If you do this your action probably will not be noticed by anyone. You won’t win an award for it. But neither will you be pepper-sprayed nor billy-clubbed. Maybe, if citizens model the behavior, it could be incorporated into police training. And if we all worked on that little project together, we might make this a better world for everyone.

Author: Lake Jackson Citizen

I volunteer as a photographer for our local community theater. I have opinions about politics and believe it should be every American's duty to become informed and participate in the discussion of issues. I began this blog to be able to stay in touch in ways I used to on Facebook. I deleted that account recently and hope to be able to share photographs and information relating to cultural and political events in our community. I am retired after a career in social work and post-secondary​ education.

4 thoughts on “The World Burns with Moral Outrage: What Is a 76-Year-Old White Man to Do?”

  1. I have been having quite a conversation with myself over the last several weeks. This article has helped with understanding….that even though I have always said I am not “racist” I really didn’t know what that entailed. New phrases have come at me – “unconscious bias”, “racial bias vs racism”, “white privilege”. It’s a lot to unpack. I plan to do just that. It will be harder in our little corner of the world but, I see hope.

    Liked by 1 person

  2. Keep working at it Tom, I never thought that Texas would be listed as a toss-up in a Presidential polls but that is where we are. The Texas I grew up in was solid Democratic, of course those were Dixiecrats who became racist republicans. I am thinking that the Republican party is on its way to oblivion. I just hope that another slightly less liberal alternative to the DNC becomes available.

    Liked by 1 person

    1. JC55, I grew up in Bob Eckhardt’s district on the east side of Houston – still very much part of the Solid South. However, Eckhardt had a special district and he built a coalition of old South conservatives, labor and minotities. And he was a very progressive member of Congress. My Lake Jackson precinct (45) was still mostly Democratic when we moved here in 1982. But, of course, Reagan had taken much of labor into his camp and things were beginning to change. I served as precinct judge for several elections in the precinct in the 80s and early 90s. After I had enjoyed that for as much fun as I could stand, I stepped aside. By then, Republicans ran commissioners court and a nice Republican man took over the job. It gave me great pleasure to watch him work on election days after that. And as I sat at home sipping something cool and watching returns on TV, I thought of him packing up the voting cards (Do you remember chad?), the voting devices, locking the school and driving it all to Angleton.

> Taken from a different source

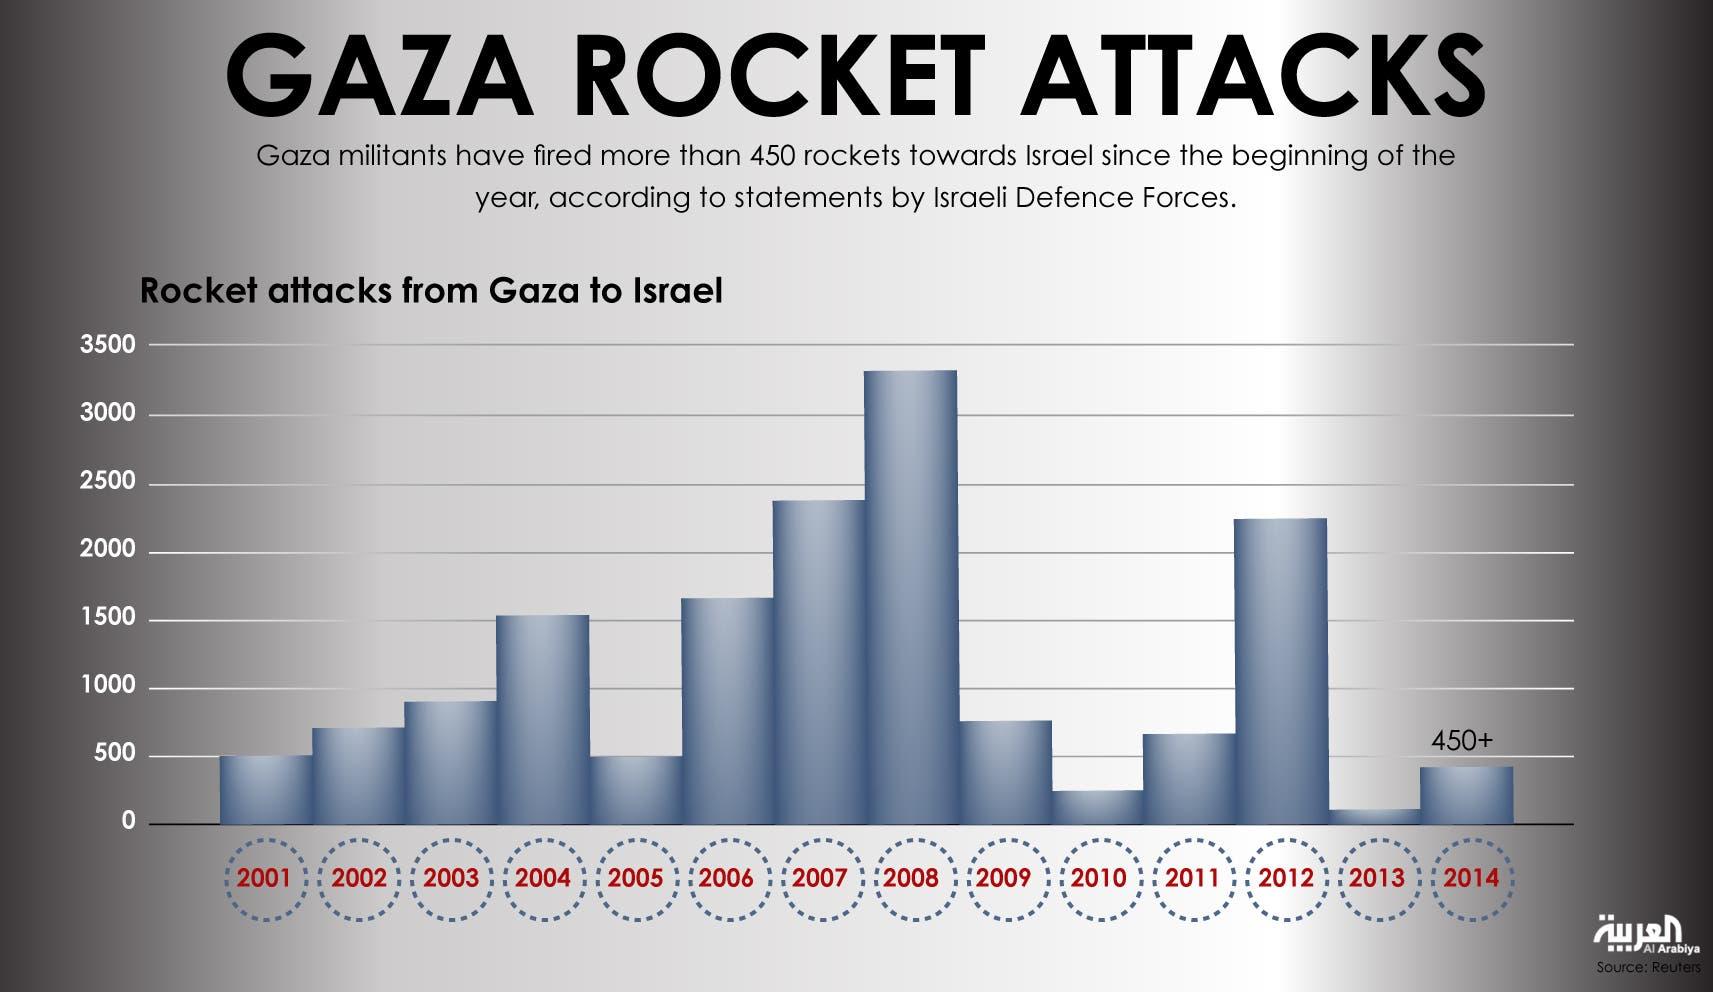 Infographic: Gaza rocket attacks

      As the Democratic party picks up more dissatisfied Republicans it will naturally tend to become more moderate. How much will that be offset by energized minorities in 2020? We can’t answer that one, but I think we can safely say that the moderating caused by defecting Republicans will not be in the direction of the mean, bullying, ignorant thinking Trump presents as the conservative agenda. That stuff is neither conservative nor Republican. Thus, good Republicans find themselves in the odd position of having to vote for Democrats as a strategy for saving the Republican party. Good people are always welcome to the party.